Staff from the Office of the City Engineer joined the Joint Sustainability Committee last week for the first update since City Council’s resolution to mandate standards for lower emissions for cement mixes used on city projects last April. While staffers insist they have sprung to action gathering construction emissions data and reaching out to local concrete vendors, they say a lag in industry participation and public safety concerns will likely drag out implementation to sometime in 2026.
With its manufacturing accounting for around 8 percent of greenhouse gas emissions worldwide, the concrete industry has become a focal point for decarbonization strategies for administrations across the globe racing to mitigate the mounting climate crisis. At a local level, staff says concrete used in city capital projects accounted for nearly 78,700 metric tons of Austin’s carbon emissions in Fiscal Year 2023.
Concrete’s emissions footprint is driven largely by cement production, a heat-intensive process that uses large amounts of energy while releasing its own share of carbon dioxide into the atmosphere. While trailblazers like CarbonCure Technologies have patented new production methods that deposit the harmful byproduct as a mineral product in its concrete mix, industry peers have been slow to get on board. Out of the city’s 12 concrete suppliers, only one, Lauren Concrete, has implemented the practice.

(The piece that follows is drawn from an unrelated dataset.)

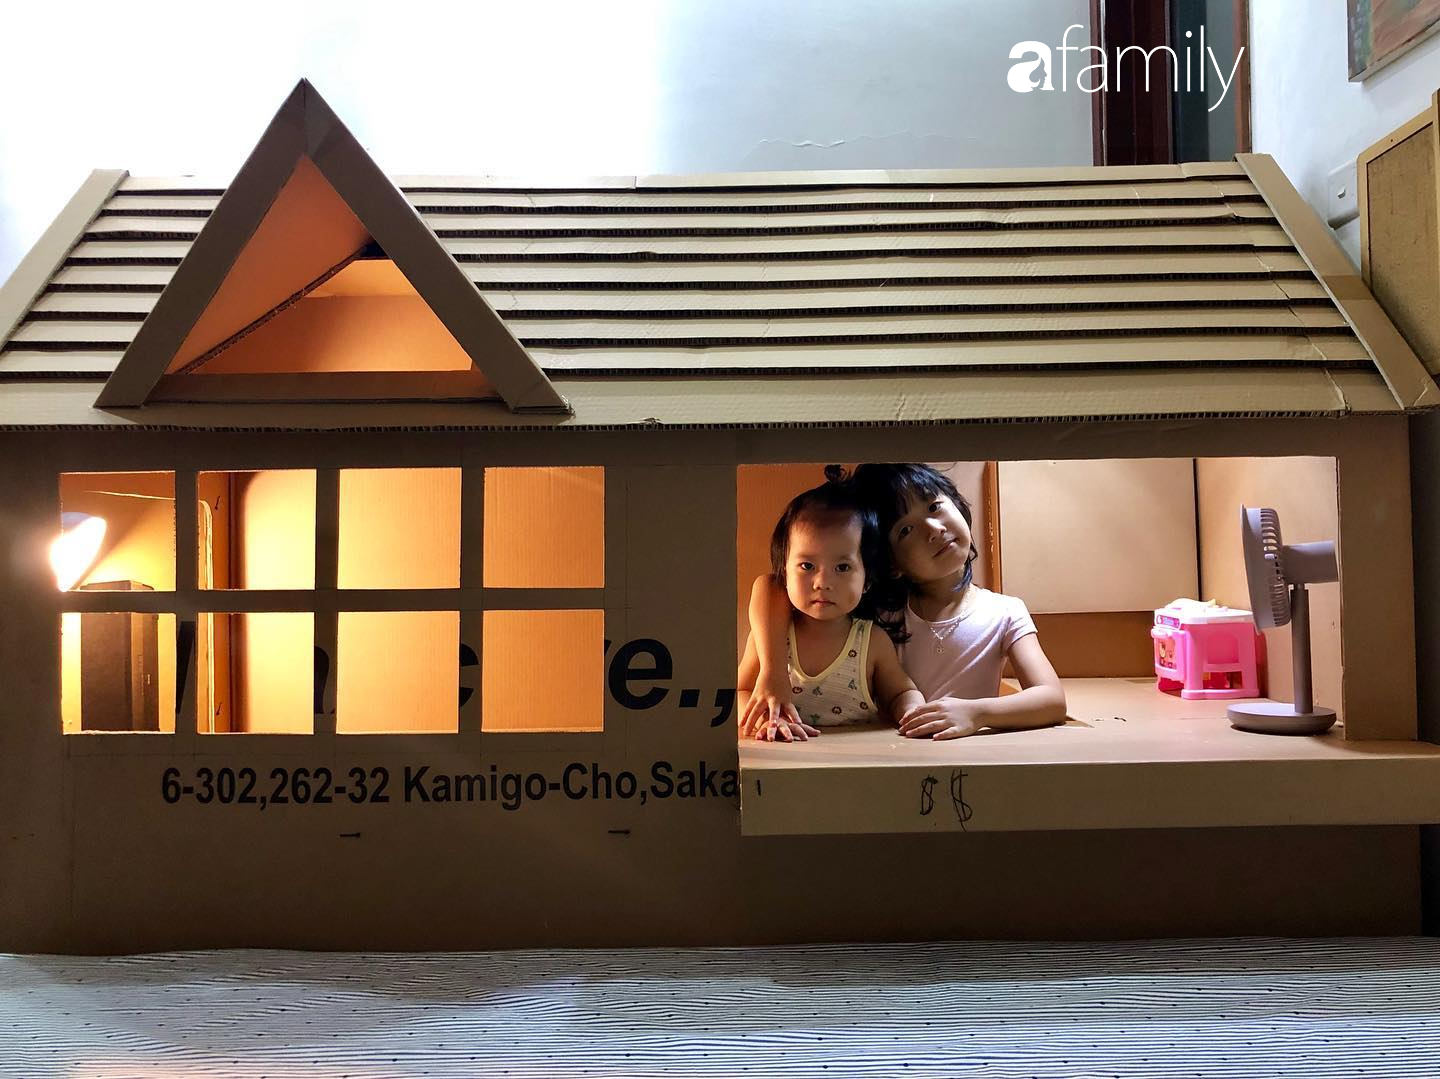 Thấy con ao ước có nhà riêng bố Hà Nội liền làm một ngôi nhà bằng bìa các  tông

Staffers say their current focus is developing new protocols for suppliers, including Environmental Product Declaration standards mandating certain greenhouse gas emissions thresholds for concrete mixes. That number could range anywhere from 345 to 380 kilograms of carbon dioxide per cubic meter of product, though that could change before their targeted rollout this October.
After establishing some ground rules, city engineers say it will take another year or two of testing and tinkering to shift the protocols into practice.
“We will be dealing with cement for a while,” said managing engineer Angela Johnson. “Moving to that Environmental Product Declaration process, unfortunately there’s just a timeline which we cannot expedite. … We’re dancing with industry – we move when they’re ready to move because of legal complications. We’re trying to be careful.”
“We’re aware that anything that affects city purchasing can be challenged a lot, and we don’t want to be in a position of setting something that seems punitive,” consulting engineer Ed Poppitt said. “It’s counter to making fast progress, but it’s what industry has been telling us, to be cautious about how quickly we’re pushing them.”
To no one’s surprise, commissioners are hoping for a more aggressive timeline, particularly as the deadline to meet 2030 emissions targets laid out in the city’s Climate Equity Plan looms steadily around the corner.
“My feedback would be that your plan sounds a little bit too accommodating to industry, and I think you could accelerate those timelines a little bit, especially hearing that you already have some producers with Environmental Product Declarations and at least one actively using a greenhouse gas reduction strategy,” said Commission Chair Kaiba White. “I mean, we’re literally on fire here, right? We can barely keep our grid running because of climate change, and people are dying of heat exposure. It’s serious.”
As they continue plotting out logistics, staffers say they are looking to organizations like the American Concrete Institute for leadership on the latest carbon-neutral practices, as well as to cities like Portland, which launched its own carbon-neutral concrete initiative ahead of the curve back in 2016.